◆ **Task**
Would you return the listing that follows exactly, leaving its pictures behind?

◆ **Recorded data**
>>>>>

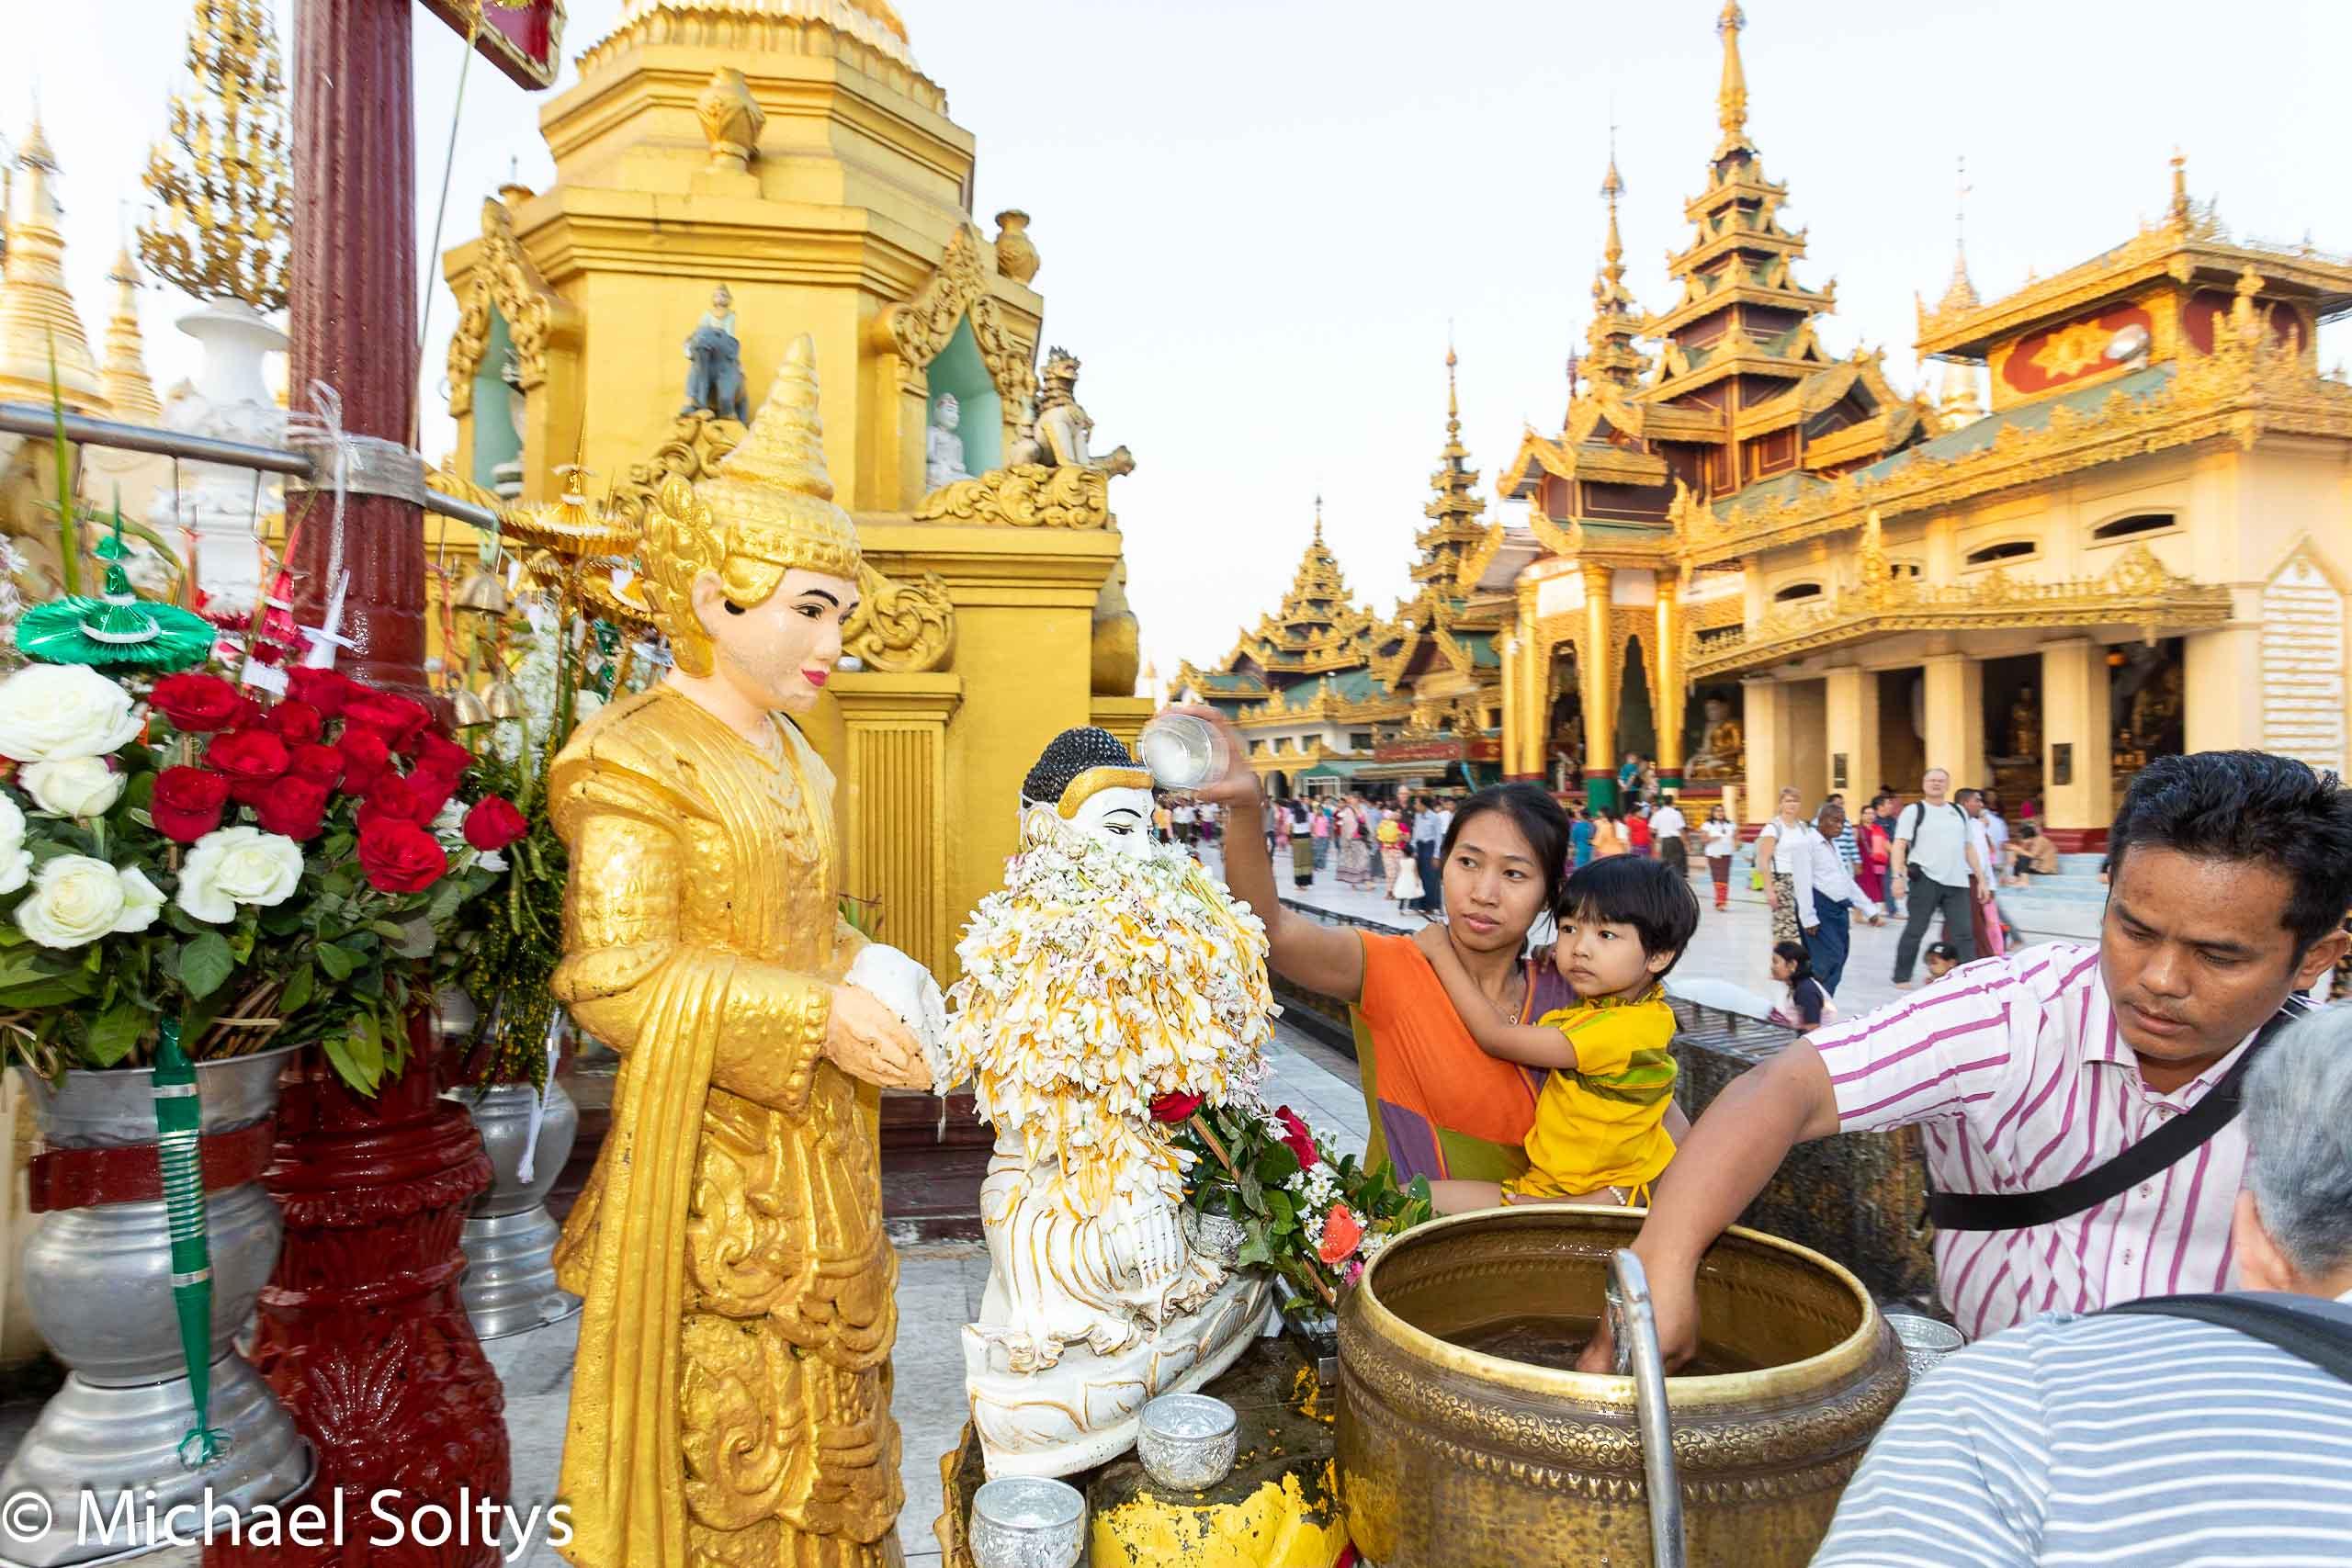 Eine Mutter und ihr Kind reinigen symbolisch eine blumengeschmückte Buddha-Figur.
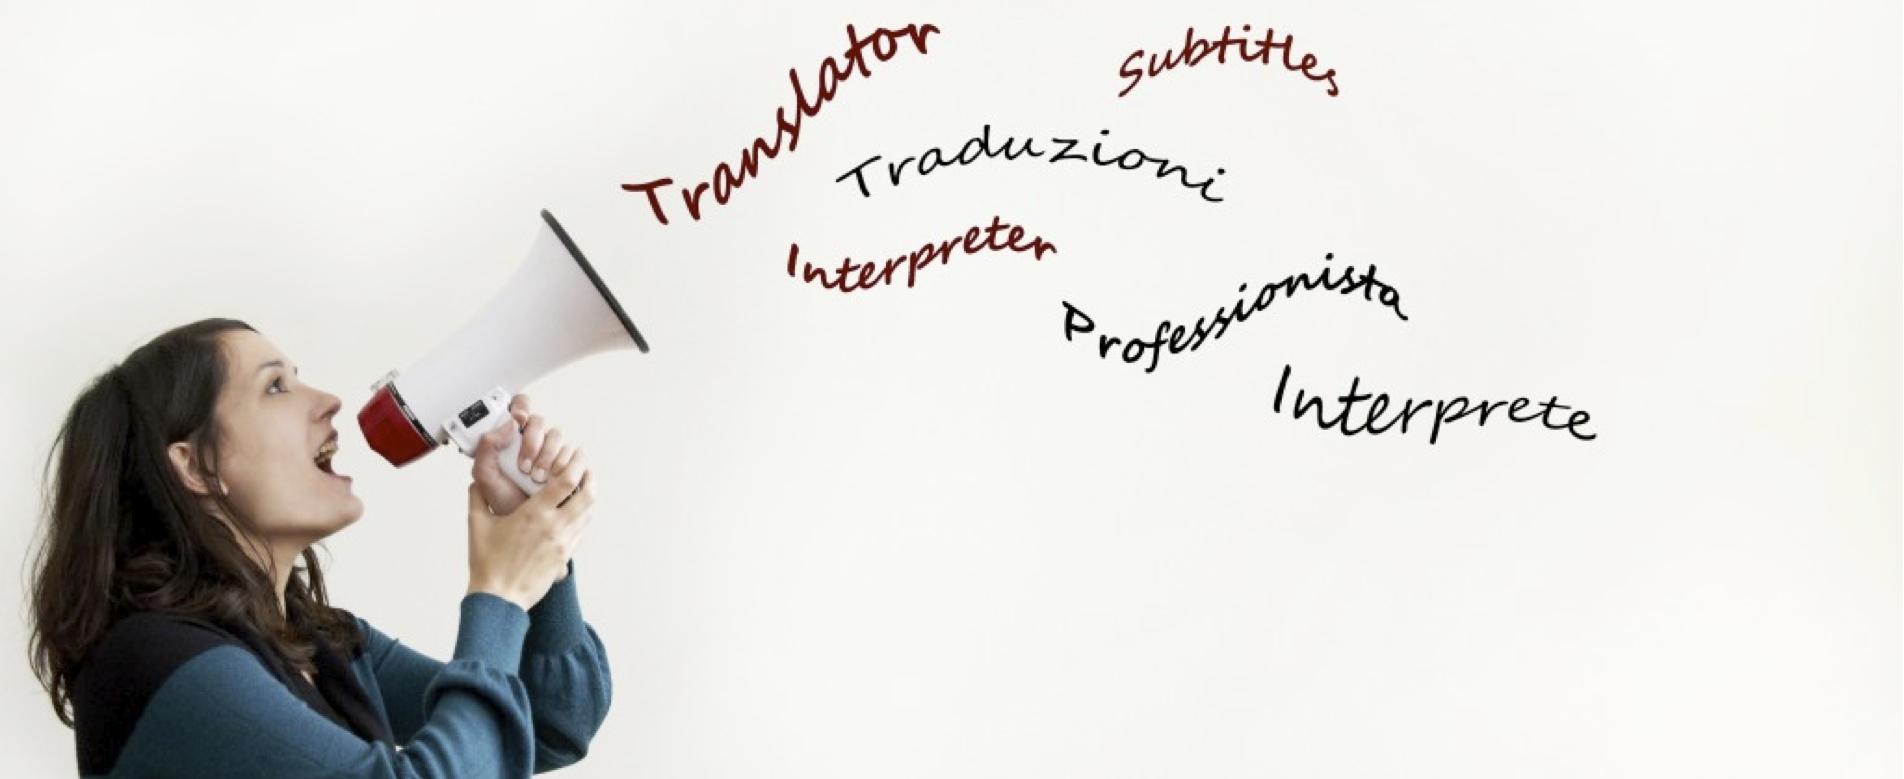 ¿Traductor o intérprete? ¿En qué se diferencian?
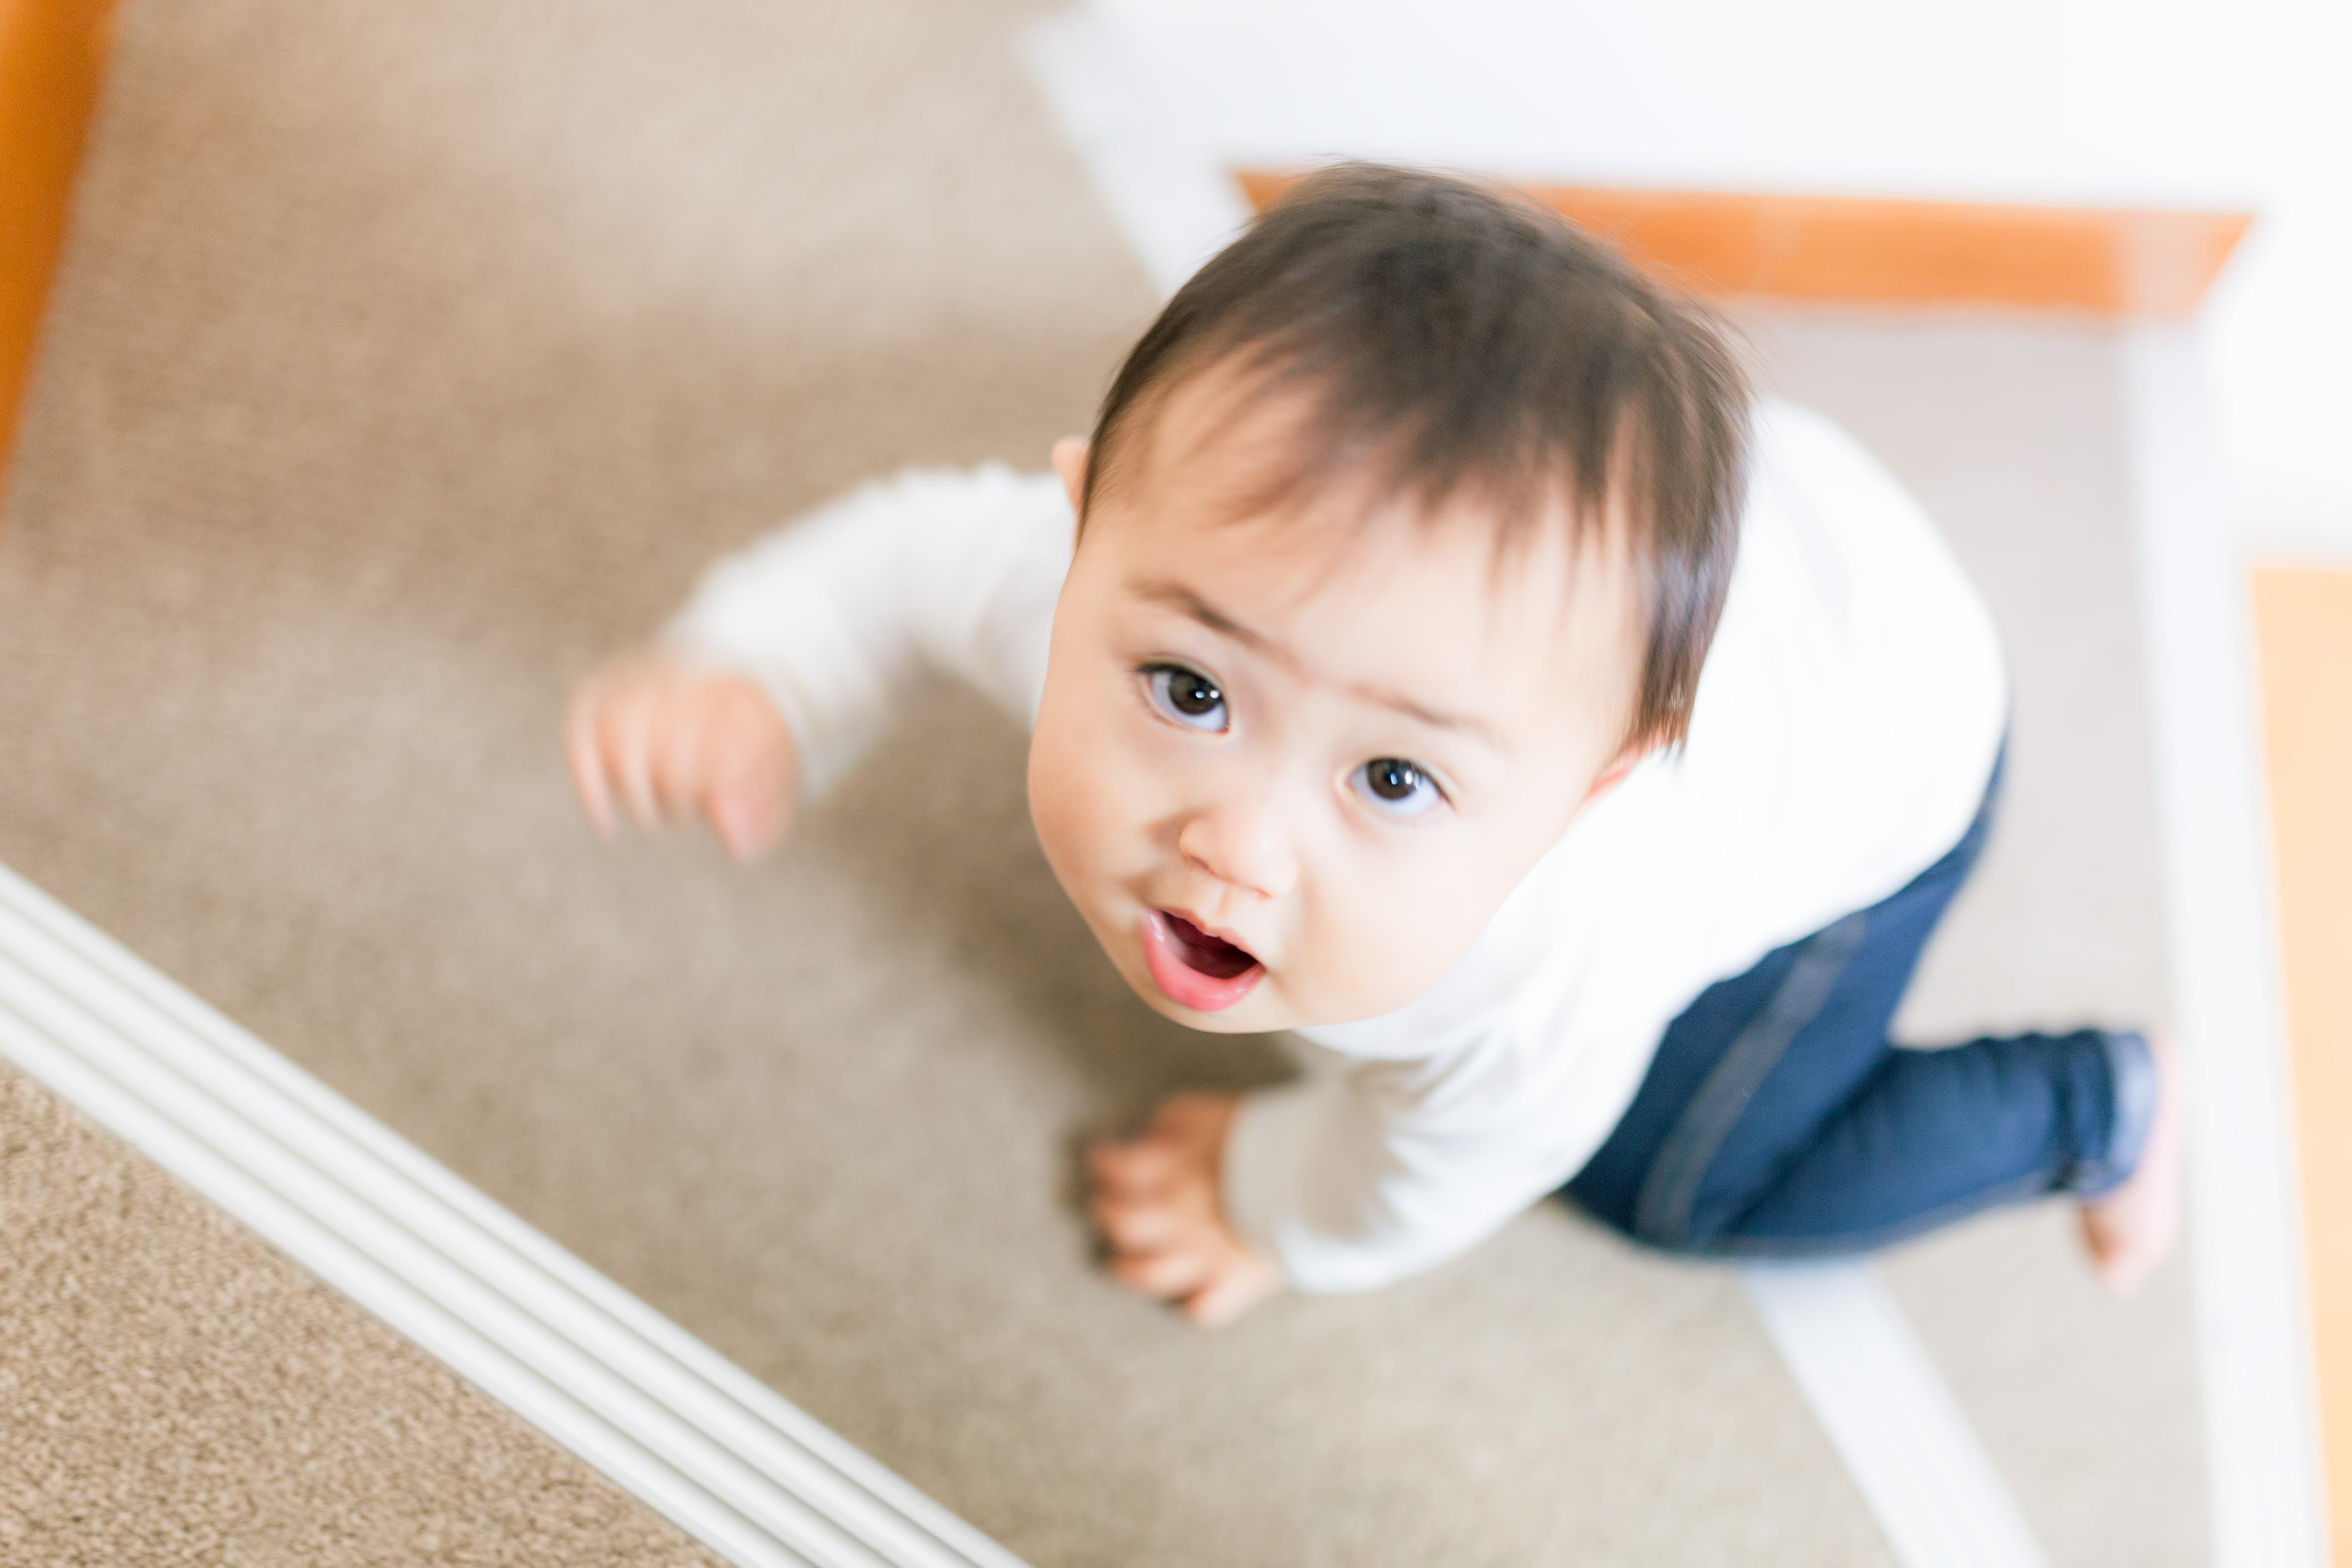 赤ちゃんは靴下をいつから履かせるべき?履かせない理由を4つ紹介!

<<<<<

◆ **Task response**
 Eine Mutter und ihr Kind reinigen symbolisch eine blumengeschmückte Buddha-Figur.
 ¿Traductor o intérprete? ¿En qué se diferencian?
 赤ちゃんは靴下をいつから履かせるべき?履かせない理由を4つ紹介!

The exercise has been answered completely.